The other thing of interest showed up in Fortean Times #215, where Alan Donnelly responds to an earlier article regarding "flying saucers [as] demonic manifestations". He mentions A Case of Conscience by James Blish, where Blish had been "assured that the Catholic Church had worked out a position on 'the plurality of worlds' and any inhabitants" - i.e., that the Catholic Church had already devised a religious response should aliens, or other non-Earth life, actually exist.

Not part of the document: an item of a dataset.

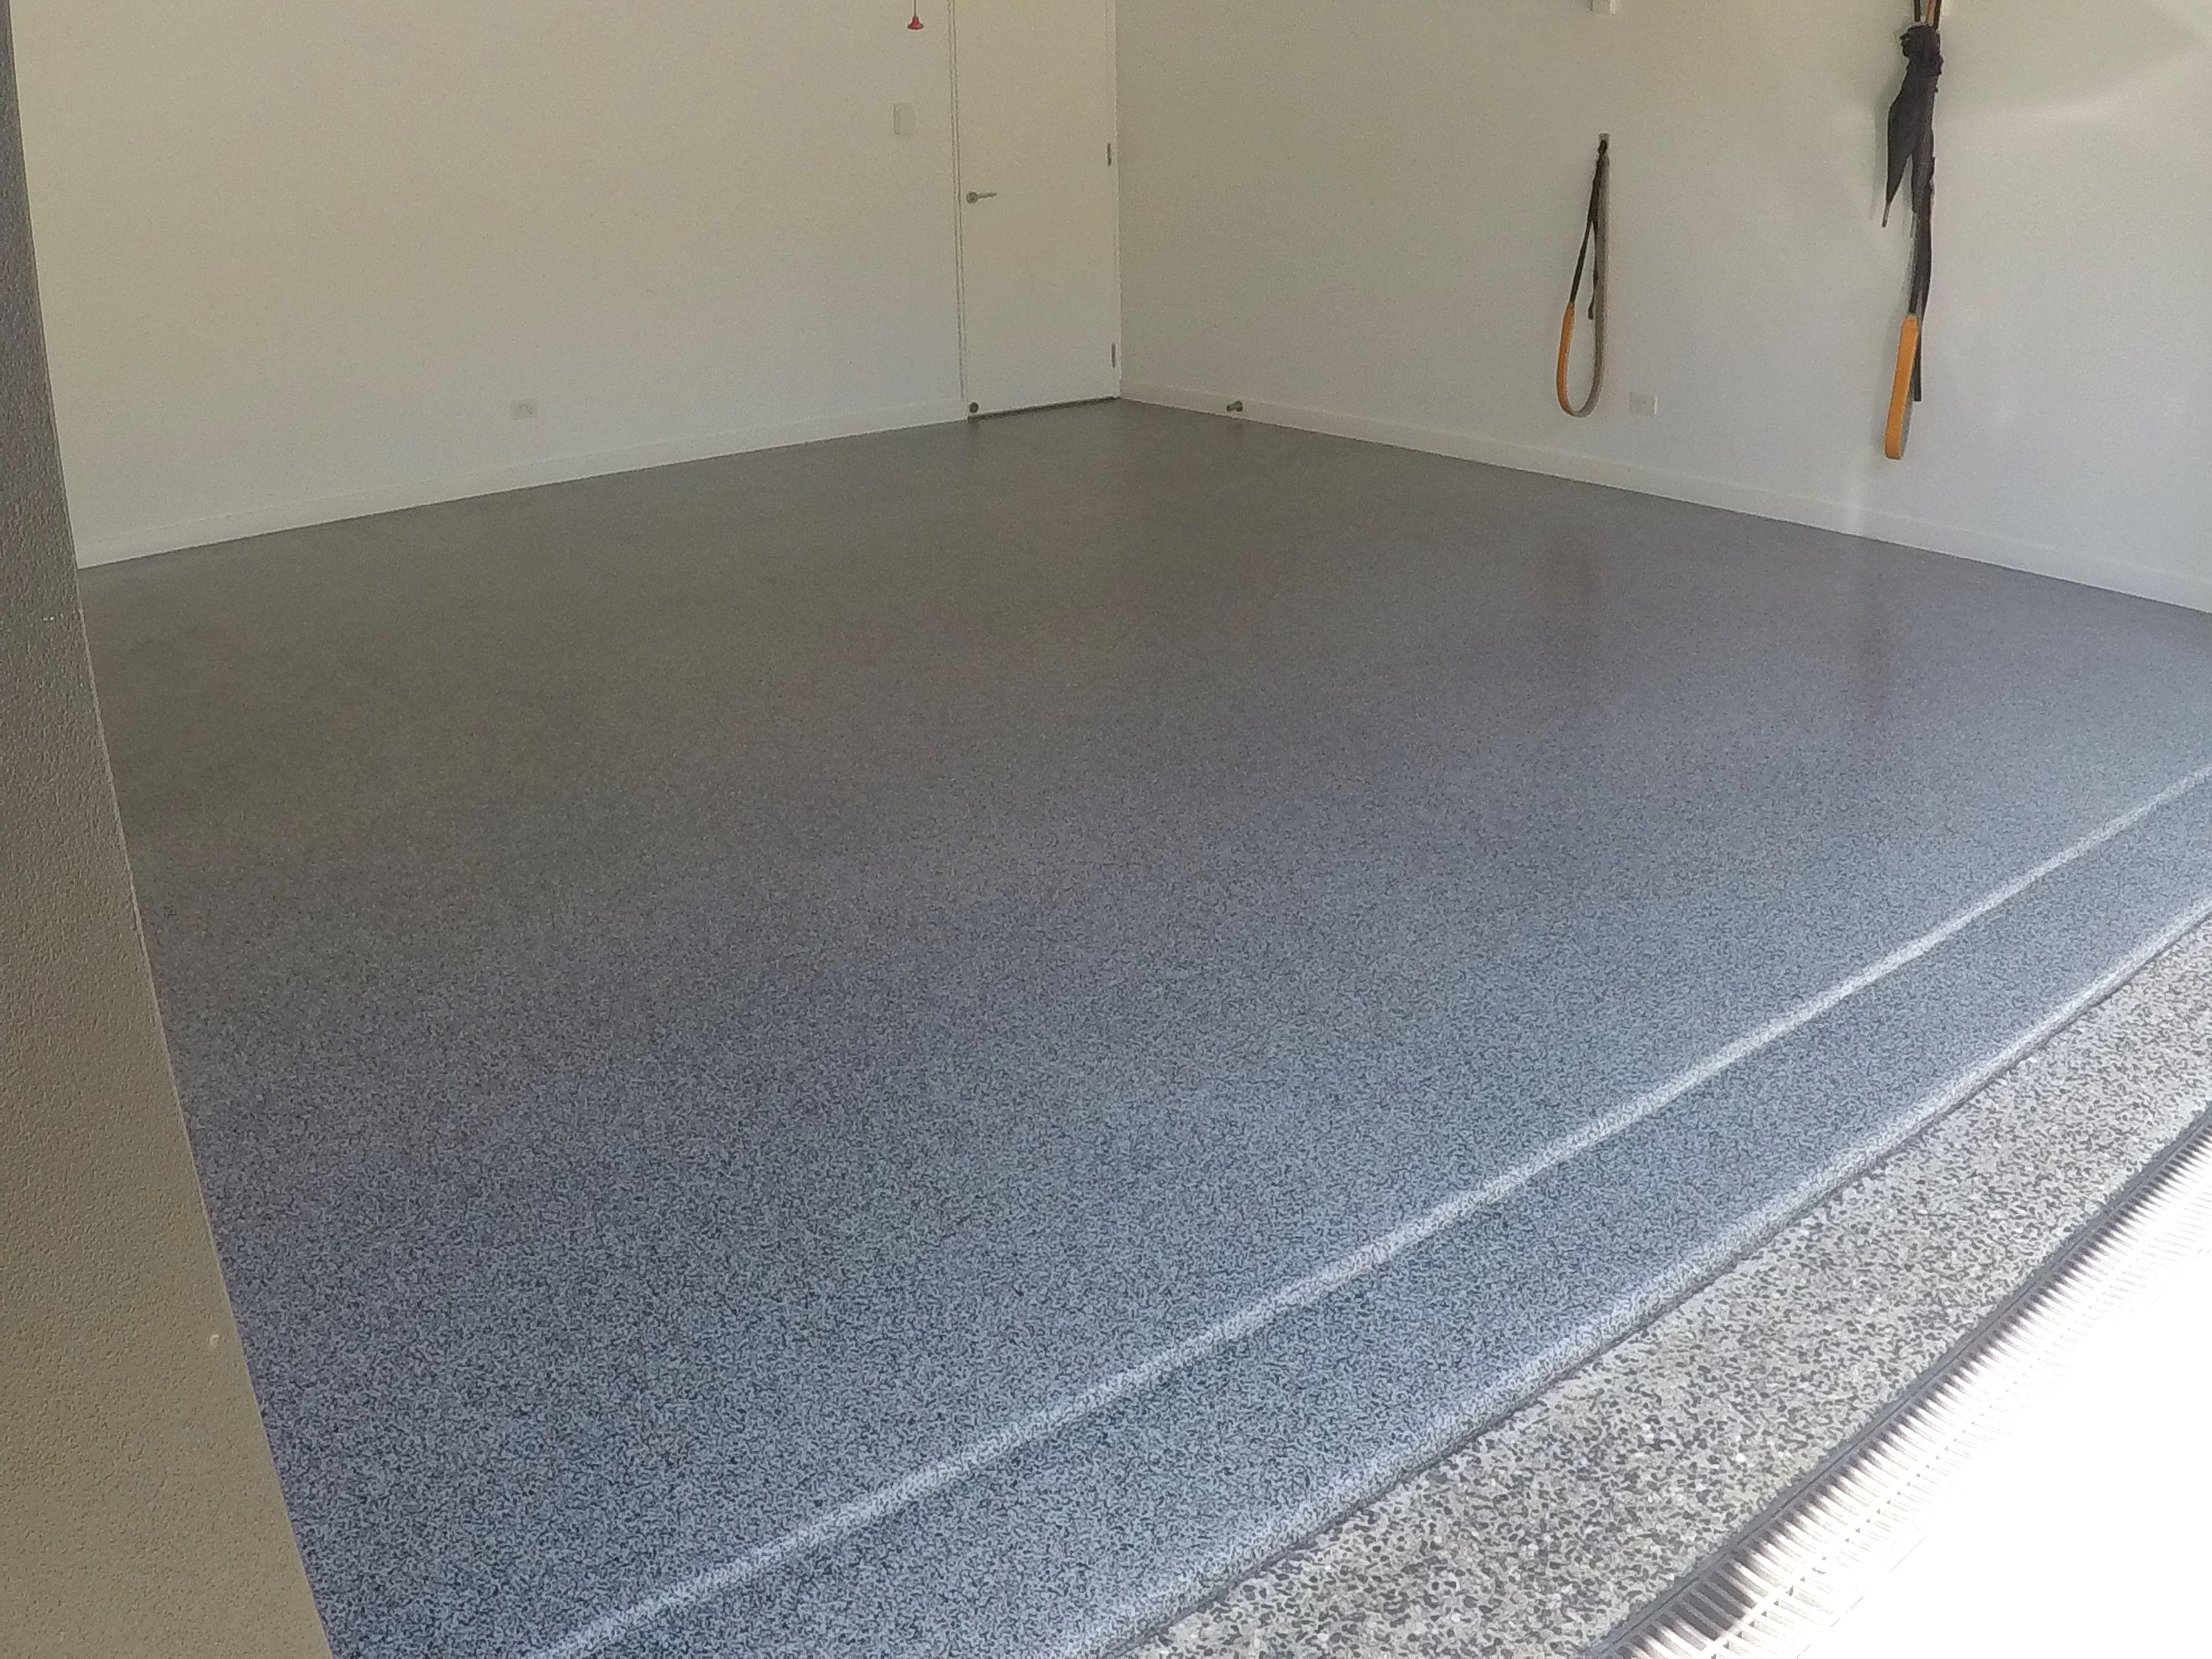 Sunshine Beach Epoxy Flooring The Garage Floor Co A Beautiful Garage Transformation Has Left This Floor With A Epoxy Floor Metallic Epoxy Floor Garage Floor

Blish's introduction quotes (as transcribed from Donnelly):

"...[E]ach of such planets (solar or non-solar) must fall into one of three categories: (a) inhabited by sentient creatures, but without souls; so to be treated with compassion but extra-evangelically. (b) Inhabited by sentient creatures with fallen souls, through an original but not inevitably ancestral sin; so to be evangelised with urgent missionary charity. (c) Inhabited by sentient soul-endowed creatures that have not fallen, who therefore (1) inhabit an unfallen, sinless paradisal world; (2) who therefore we must contact not to propagandize [sic] but in order that we may learn from them the conditions (about which we can only speculate) of creatures living in perpetual grace, endowed with all the virtues of perfection, and both immortal and in complete happiness for always possessed of and with the knowledge of God."